Аннотация: Часть первая. Перевод Н. П. Маклецовой (1914).
Вѣчные типы "Фауста".
(Нѣсколько замѣчаній.)
-- Ты обокралъ природу!-- воскликнулъ Меркъ {Меркъ -- одинъ изъ замѣчательныхъ современниковъ Гете. По словамъ Гете, "онъ имѣлъ величайшее вліяніе на всю его жизнь. Его сужденія были всегда необычайно мѣтки и поразительны". У него былъ злой умъ, и онъ хорошо владѣлъ стихомъ и прозой, любилъ давать ѣдкія характеристики своихъ знакомыхъ. Въ карикатурахъ и сатирахъ онъ былъ очень остроуменъ, но онъ не умѣлъ создавать типы и "завидовалъ,-- по признанію Гете -- моему невинному наслажденію творчествомъ, истекавшимъ изъ восхищенія передъ образомъ и передъ поэтическимъ его возсозданіемъ". Меркъ послужилъ для Гете первообразомъ при созданіи Мефистофеля, и даже самой наружностью своей онъ походилъ на духа отрицанія и сомнѣнья -- въ гетевскомъ воплощеніи: "длинная, худая фигура; острый, рѣзко выступающій на лицѣ носъ; свѣтло-голубые, почти сѣрые глаза; взглядъ пристальный и наблюдательный-придававшій его облику нѣкоторое сходство съ тигромъ" ("Поэзія и правда моей жизни").}, прочитавъ первыя сцены "Фауста" въ чтеніи Гёте.
Гете.взялъ старинную нѣмецкую легенду и докторѣ Фаустѣ, жившемъ въ средніе вѣка, занимавшемся магіей и продавшемъ душу чорту за возможность наслаждаться всѣми благами жизни. Легендарный Фаустъ сладко ѣсть и наслаждается любовью, а когда приходитъ время расплаты,-- оказывается порядочнымъ трусомъ. Это не гетевскій Фаустъ, конечно: изъ легенды поэтъ взялъ только мѣсто дѣйствія -- Германію, и время -- средніе вѣка, а герою оставилъ только имя.
Точно такъ же поступилъ онъ и съ людьми, послужившими ему матеріаломъ для созданія вѣчныхъ образовъ: Фауста онъ одарилъ всѣмъ, что было нетлѣннаго и прекраснаго въ его великой душѣ -- самъ Гете есть прообразъ Фауста; первоначальный типъ Мефистофеля онъ сумѣлъ прозрѣть въ желчномъ, озлобленномъ и остроумномъ чиновникѣ военнаго министерства Меркѣ. "Мы съ Меркомъ были какъ Фаустъ и Мефистофель". говорилъ Гете впослѣдствіи. Но портретнаго сходства съ своими прообразами герои Гете, конечно не имѣютъ.
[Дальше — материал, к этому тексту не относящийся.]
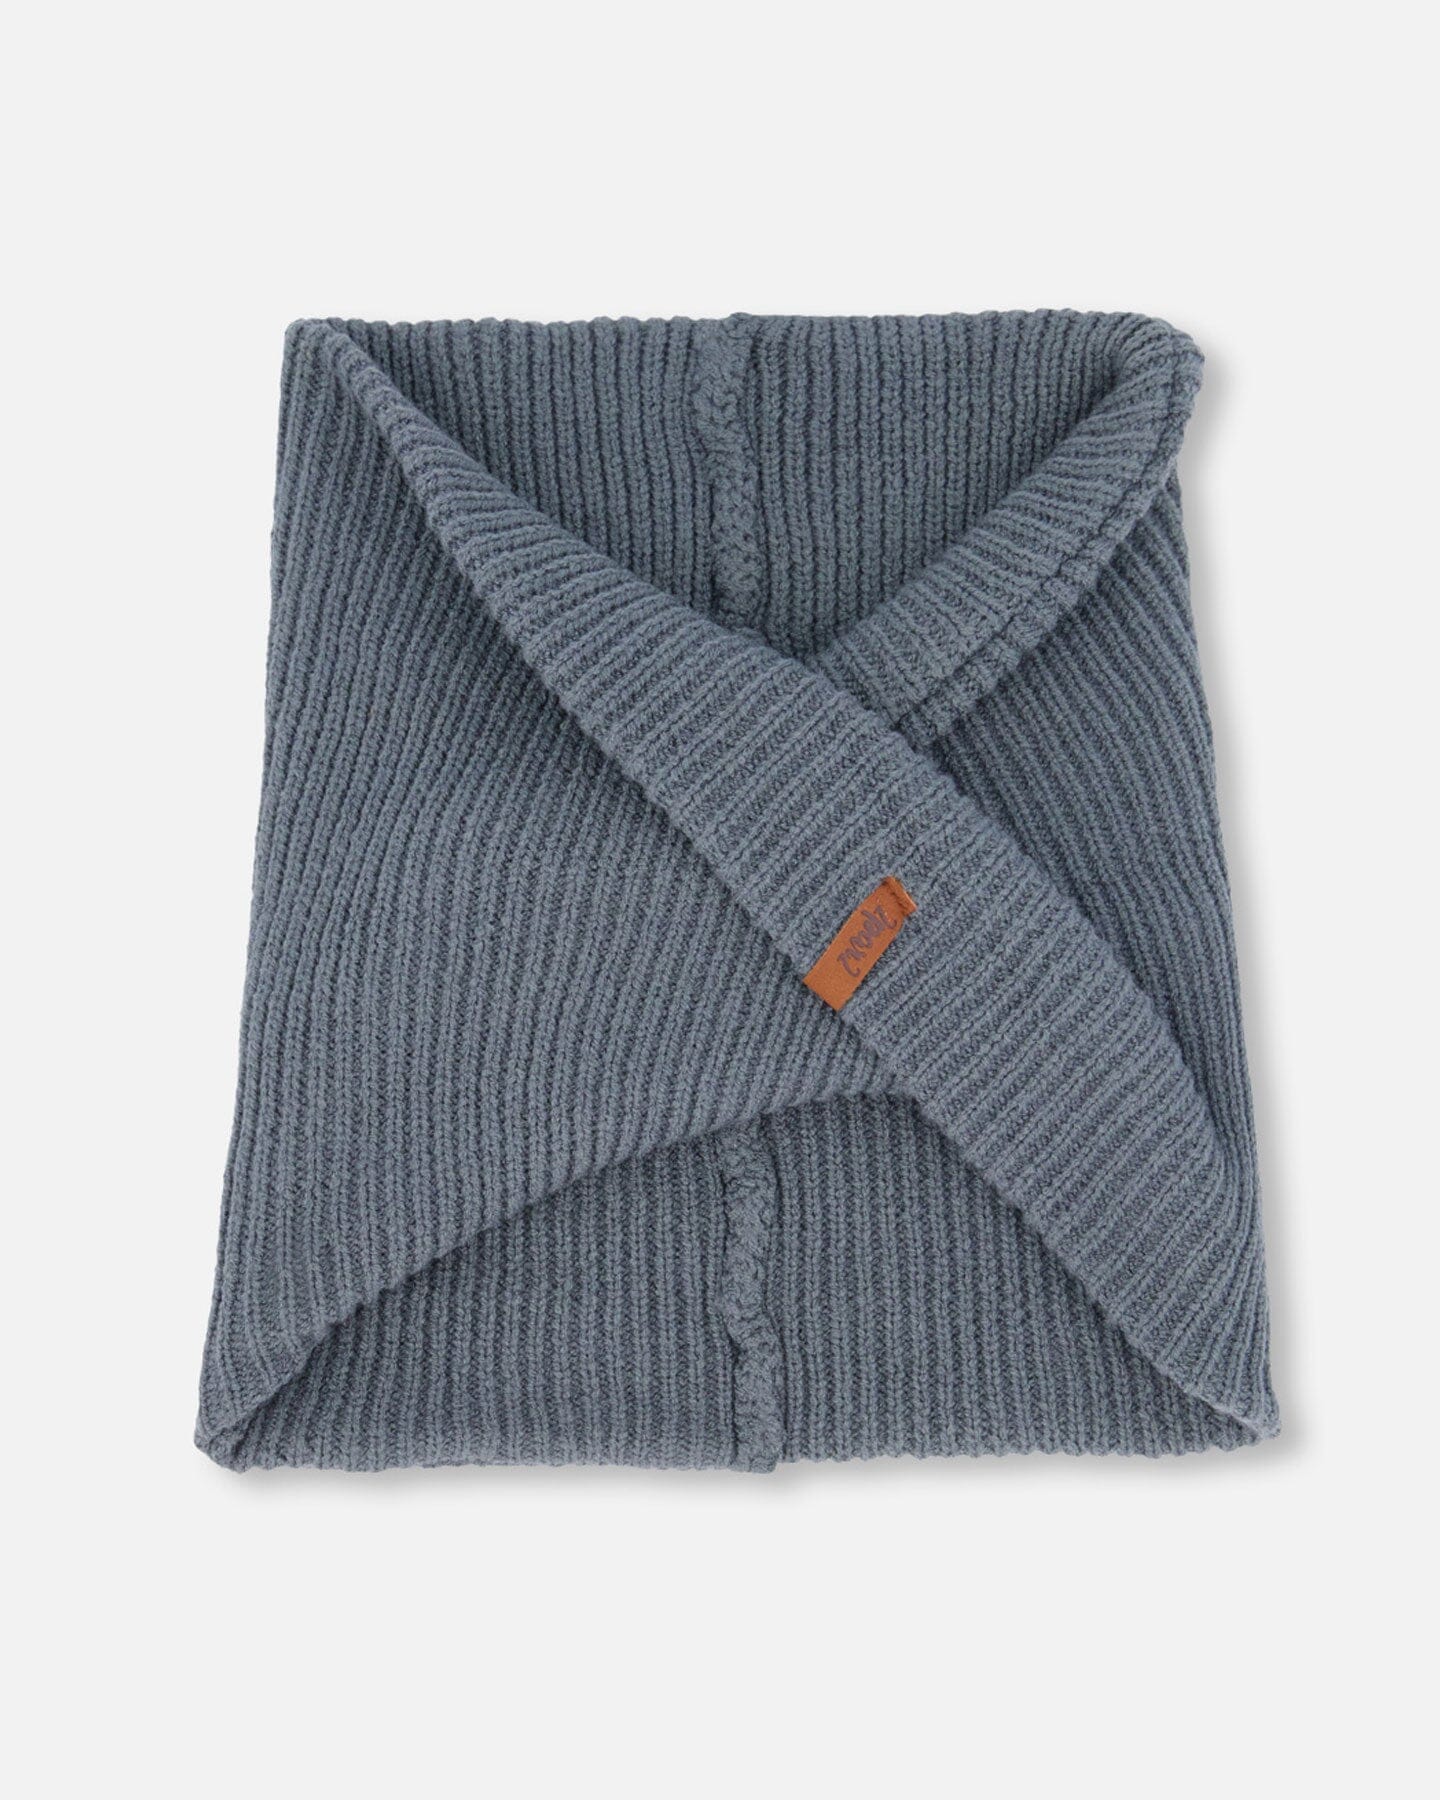 Cache-cou en tricot extensible, 2-6 ans, Noir. Colour: black, Fr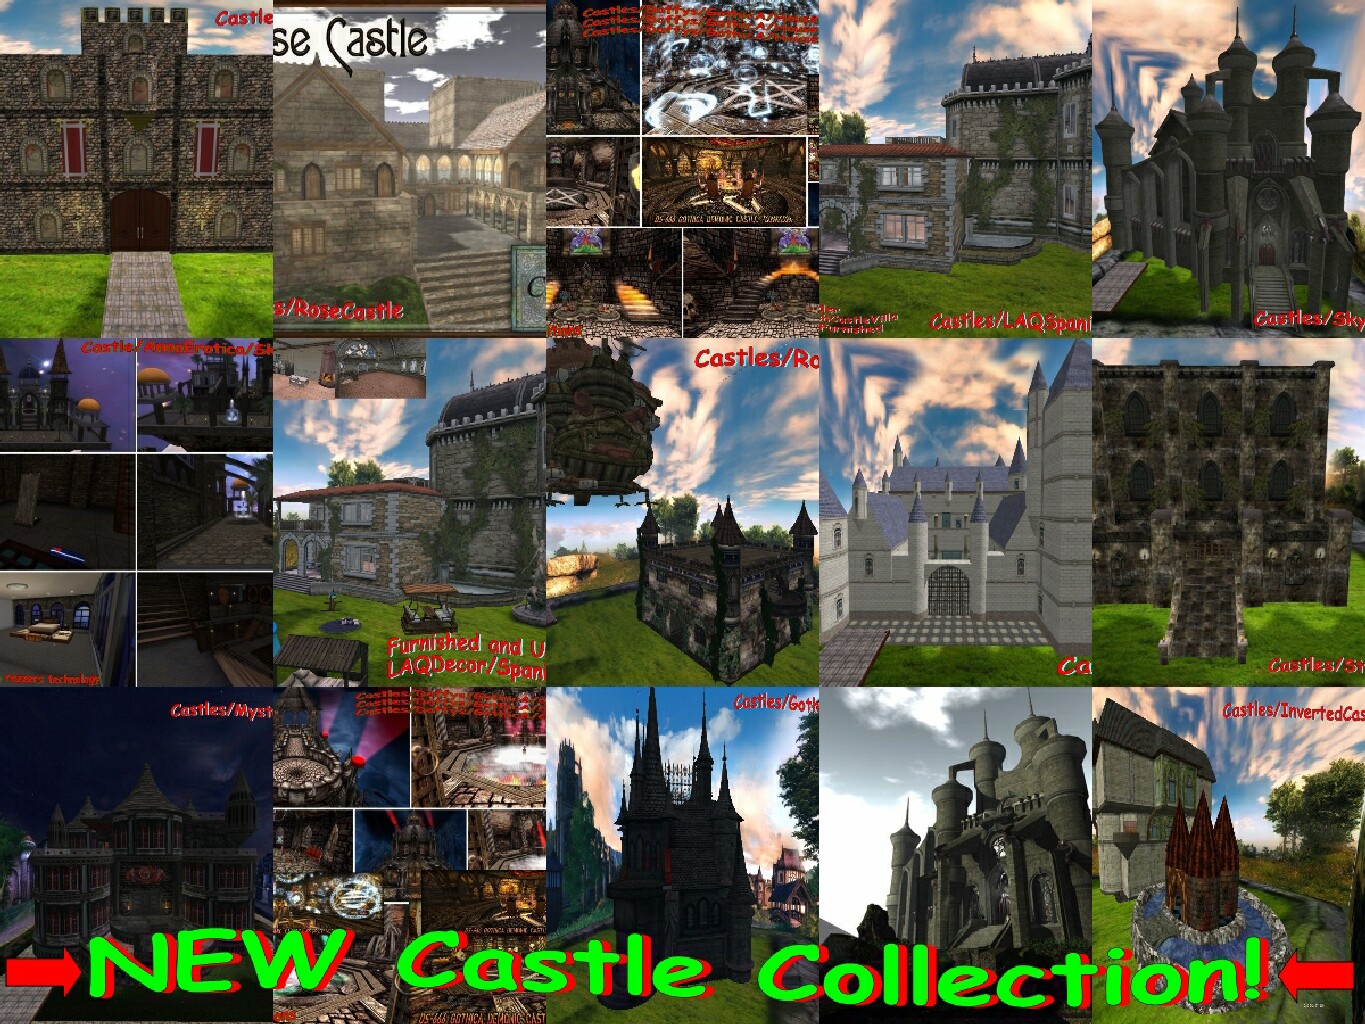 Castle collage 05-2020

Фаустъ -- вѣчный типъ идеалиста, готоваго на борьбу, лишенія а страданія въ поискахъ за вѣчной истиной: но онъ въ то же время сынъ своего" вѣка, эпохи бури и натиска -- эпохи, когда пробуждались идеалы свободы и гуманности и бурно раздавался протестъ личности противъ вѣкового гнета. Фаустъ -- дитя вѣка, уже утратившаго вѣру, но глубоко въ сердцѣ хранящаго горькое и сладкое воспоминаніе о "дняхъ невинной вѣры". Звонъ колокола, пѣніе священнаго хора -- все еще волнуетъ и трогаетъ его душу. Фаустъ потерялъ вѣру,-- но его продолжаютъ мучить вопросы, рѣшеніе которыхъ доступно только вѣрѣ. Онъ хочетъ постигнуть тайну мірозданія, начало и конецъ, значеніе человѣка и смыслѣ жизни. Онъ хочетъ узнать, что тамъ, за гробомъ. Вѣчные, мучительные, проклятые вопросы,-- терзавшіе людей во всѣ времени, отъ Фауста до Льва Толстого!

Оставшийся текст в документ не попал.